HABER GİRİŞİ
Elif Tütüncü
Dijital dünyanın son gözdesi olan video içeriklere rağbetin sürekli artmasıyla, görmenin iktidarının yaşandığı bir çağda olduğumuzu söylemek mümkün. Kendine has bir mecra olan ve lider video içerik platformu olduğu için altın çağını yaşayan YouTube, ulaşılmak istenen hedef kitle iyi belirlendiği takdirde ister milyon dolarlık bütçeye sahip bir proje olsun, ister oturma odasından yayın yapan bir gencin videosu olsun milyonlarca kişinin izlemesini sağlıyor.

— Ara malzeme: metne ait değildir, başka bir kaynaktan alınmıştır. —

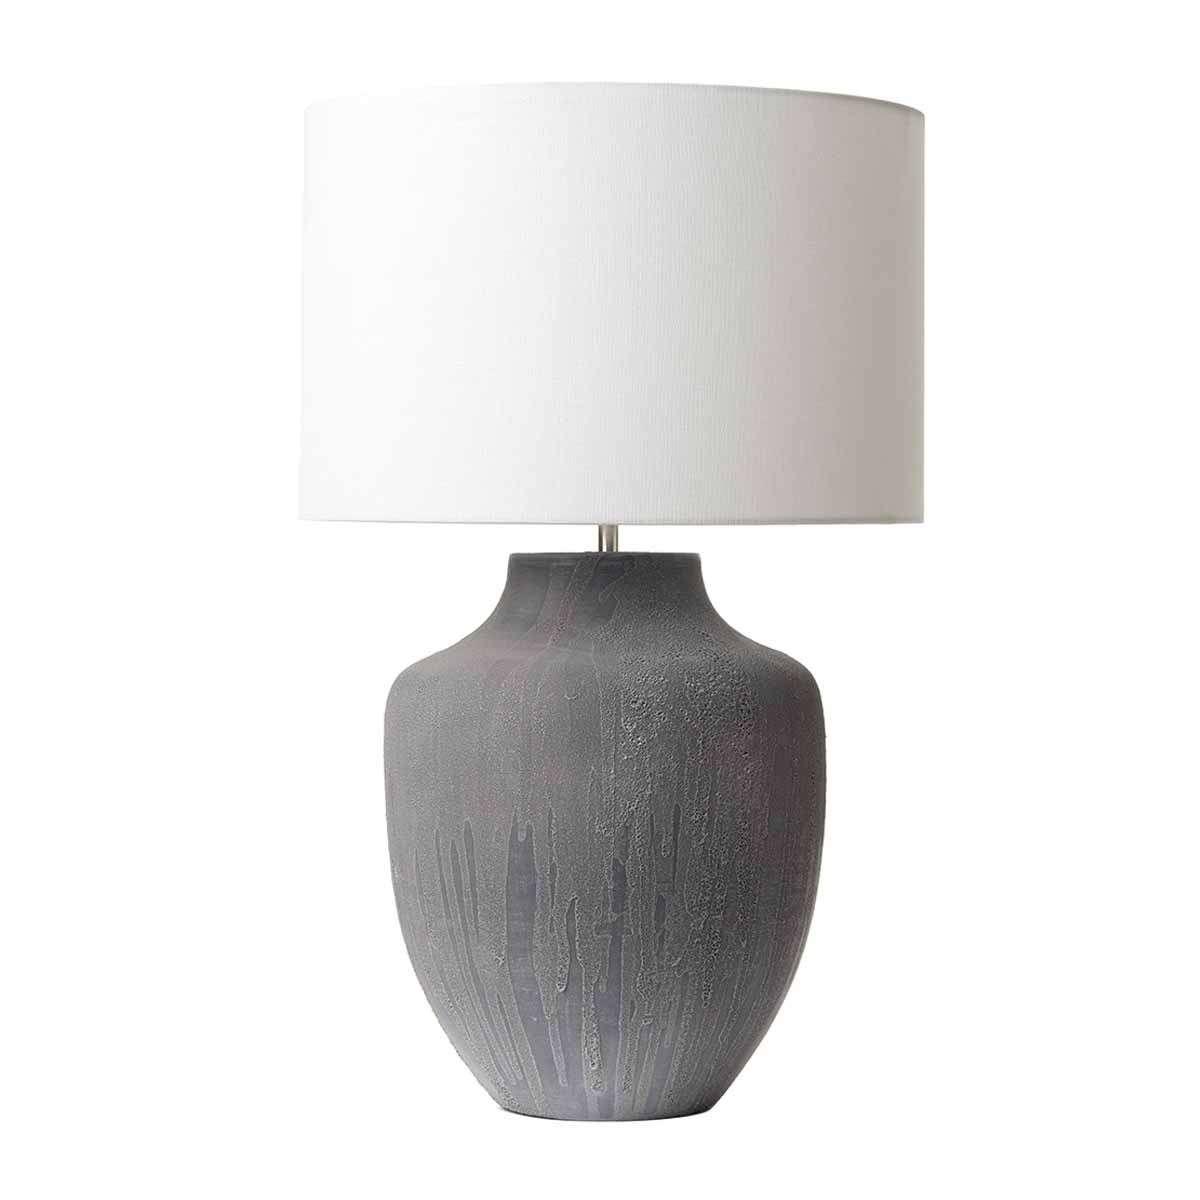 Dar Lighting Udi4239 Udine Table Lamp Grey Base Only Jr Lighting

Sosyal mecraları etkin olarak kullanan yeni nesil içerik üreticileri ve bu içerikleri etkin bir şekilde tüketen kullanıcılar, başarılı kampanyalarla marka iletişimine entegre oluyor. Peki markalar bu yeni sayılabilecek dünyada kendilerini nasıl konumlandırıyorlar? Aktif olan markaların faaliyetleri ve stratejileri yeterli mi? En önemlisi de başarılı bir içerik için nelerin göz önünde bulundurulması gerekiyor? Bu ay markaların bu alandaki iletişimlerini masaya yatırdık ve merak ettiklerimizi video içerik ajanslarına sorduk.

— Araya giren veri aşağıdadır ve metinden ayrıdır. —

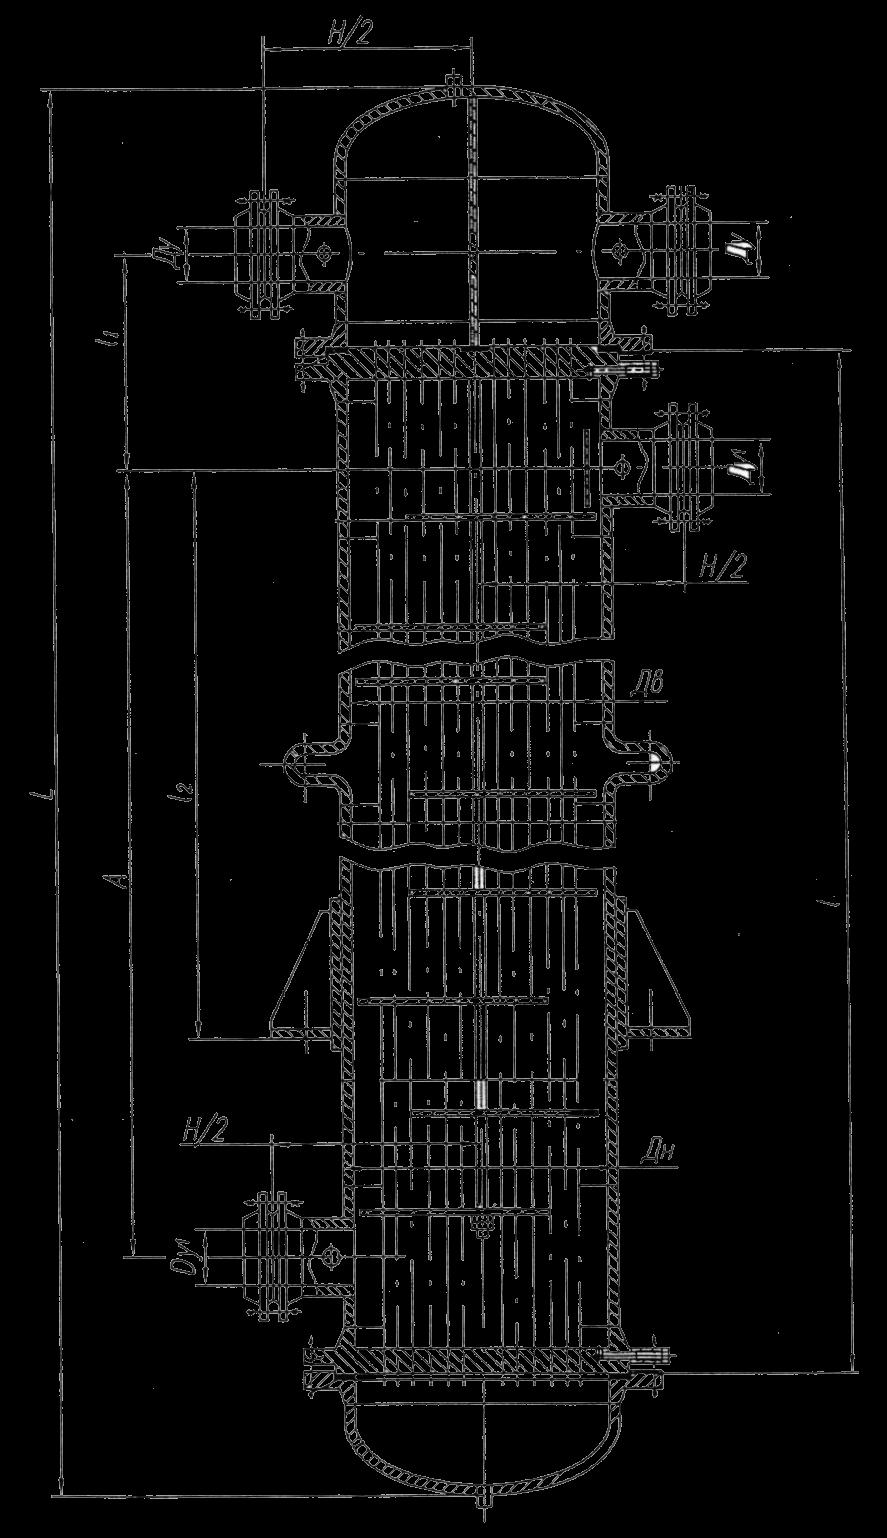 Теплообменник типа тк Пластинчатый теплообменник Машимпэкс (GEA) NT 250S Архангельск

Tüketicilerin YouTube’da hiç olmadığı kadar fazla zaman harcamaya başlamasıyla, videolar insanların ilgisini çeken içeriklere ulaşmaları için kaçınılmaz bir adres haline geldi. Cisco, internetteki videoların 2019 yılına kadar tüm internet kullanımının %72’sini oluşturacağını öngörüyor. IAB Türkiye’nin yaptığı açıklamaya göre de video reklam yatırımları yüzde 34’lük büyümeyle 179,8 milyon TL oldu. YouTube videoları ve bu videoları oluşturan ‘’İçerik Oluşturucuları’’ da başlı başına bir kültürel güce dönüştü. YouTube içeriği ve kültürü etkileyen temel bir platform olarak büyürken, markalar da hedef kitlesiyle en iyi etkileşimi kurmak için bu platformdan yararlanıyor
Tüm dünyada internetten video izlemek, televizyon izlemek kadar yaygın hale gelmiş durumda. Özellikle genç yaş grubunda internette video izleme oranları oldukça yüksek. Dünyanın en büyük video içerik platformu Youtube’un verilerine göre de yalnızca mobil cihazlar üzerinden video izleme oranı her geçen yıl katlanarak artıyor. Bu oranın büyük çoğunluğu da lise ve üniversite çağındaki gençlerden oluşuyor. Youtube’un geçtiğimiz ekim ayında açıkladığı verilere göre dünya genelinde her dakikada 400 saatlik video yükleniyor. Ayrıca Youtube’da video izlemek, iş ve uykunun ardından en fazla zaman harcanan aktivite haline geliyor.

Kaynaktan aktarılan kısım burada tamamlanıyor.